For registration of a new participant (row) and data collection, a specific PEP-ID is used. PEP-ID’s are generated by the PEP-system, in the form of a unique and unpredictable number (no serial number).

PEP-ID

The PEP-ID is used for several purposes:

  • During the registration process it serves as a seed for generating the Polymorphic Pseudonym.
  • It is stored in the CRM system to ensure verification and feedback processes during data collection for data-streams identified by PEP-pseudonyms.
  • It is stored in PEP as a data element to enable re-identification in case of incidental findings.
  • The PEP-ID is only available to the research assessors who need to be in contact with the participants, and the PI (principal investigator) with special permission.
  • Note that after registration of a participant the PEP-ID is not used by the PEP system in any function other than that of a stored data element.

Columns

The columns in the table are data-COLUMNS. A data-COLUMN is defined as a set of files holding data of a single participant that have a similar content. They have identical access rules. Examples of data-COLUMNS:

  • Watch data Week 1, Watch data Week 2, Watch data Week 3, …. Watch data week 104.
  • UPDRS OFF, UPDRS ON,
  • ECG form,
  • Home Questionnaire,
  • Bam file,
  • MRI,
  • etc.

Data versioning

Newer versions of a cell can be uploaded, which will automatically become the active version. In other words, for a given cell only the last uploaded item is retrievable by a regular user. The content of a cell can be cleared by marking it as deleted. A cell in this table is not equivalent to a regular database cell with a single value or a single file, as each cell can be seen as a directory folder that can contain a number of versions.

Data content

A data card (one entry in a cell) consists of the following data:

Data card (cell version) coordinates

  • Local Storage Facility Pseudonym (LSFP).
  • Data-COLUMN name.
  • Uploaded completion (timestamp).

Encryption values

  • Blinding timestamp (Data COLUMN name and blinding timestamp are used as a base for encryption of the AES key).
  • The (polymorphically encrypted) AES key.

Metadata

  • Placeholder for specific data formats (e.g. MRI)
  • Extension of the file stored in this cell.

Audit values

  • Data card uploader User-ID

Payload data

  • May consist of an archive including several data files, belonging to the same observation.
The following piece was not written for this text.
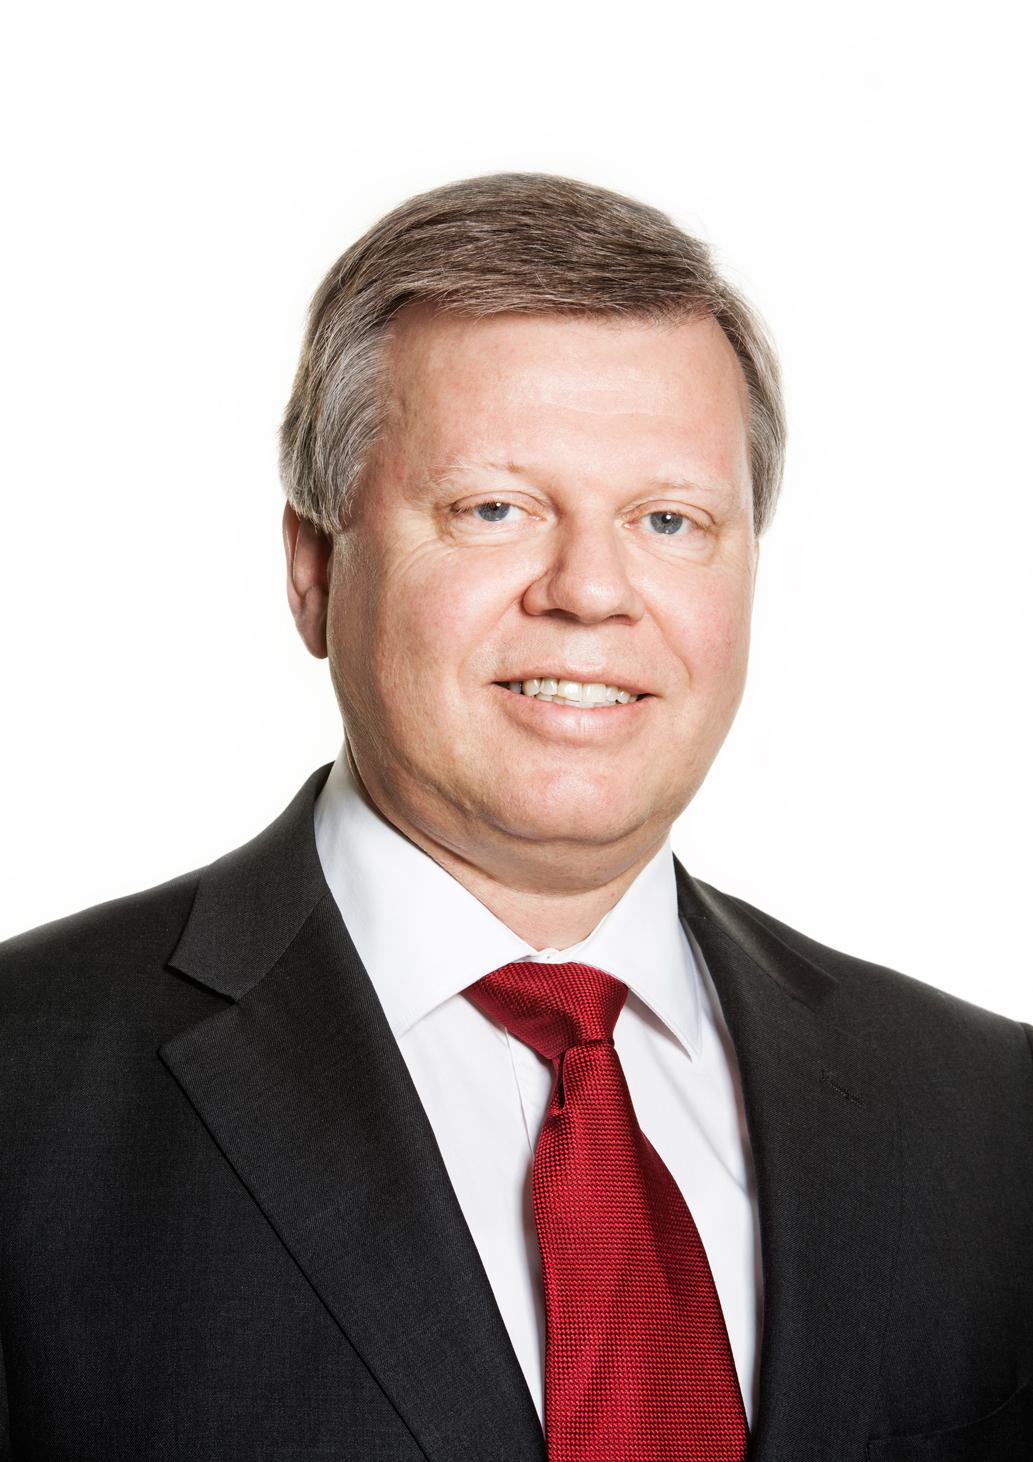 Reidar Hustoft -appointment

Next to the data entries, metadata exist at the row (Participant) and column (Data-COLUMN) level:

  • Participant metadata is data used to manage data collection processes and participant-groups. They are stored as special purpose Data COLUMNS: (mutable, encrypted):
  • Identification data (Name, Date of Birth, PEP-ID). Restricted use: only for
    • Verification of identity by a Research Assessor during data collection visits
    • Reidentification by PI following incidental findings.
  • Test-participant (Boolean, Change User-ID). Shows whether a participant is a test-participant. Restricted use by data-administrator only, to maintain participant groups.
  • Consent (Boolean, Change User-ID). Shows whether consent is present or withdrawn. Restricted use by data administrator only, to maintain participant groups.
  • Data-COLUMN metadata (Change User-ID). Show who defined a Data-COLUMN.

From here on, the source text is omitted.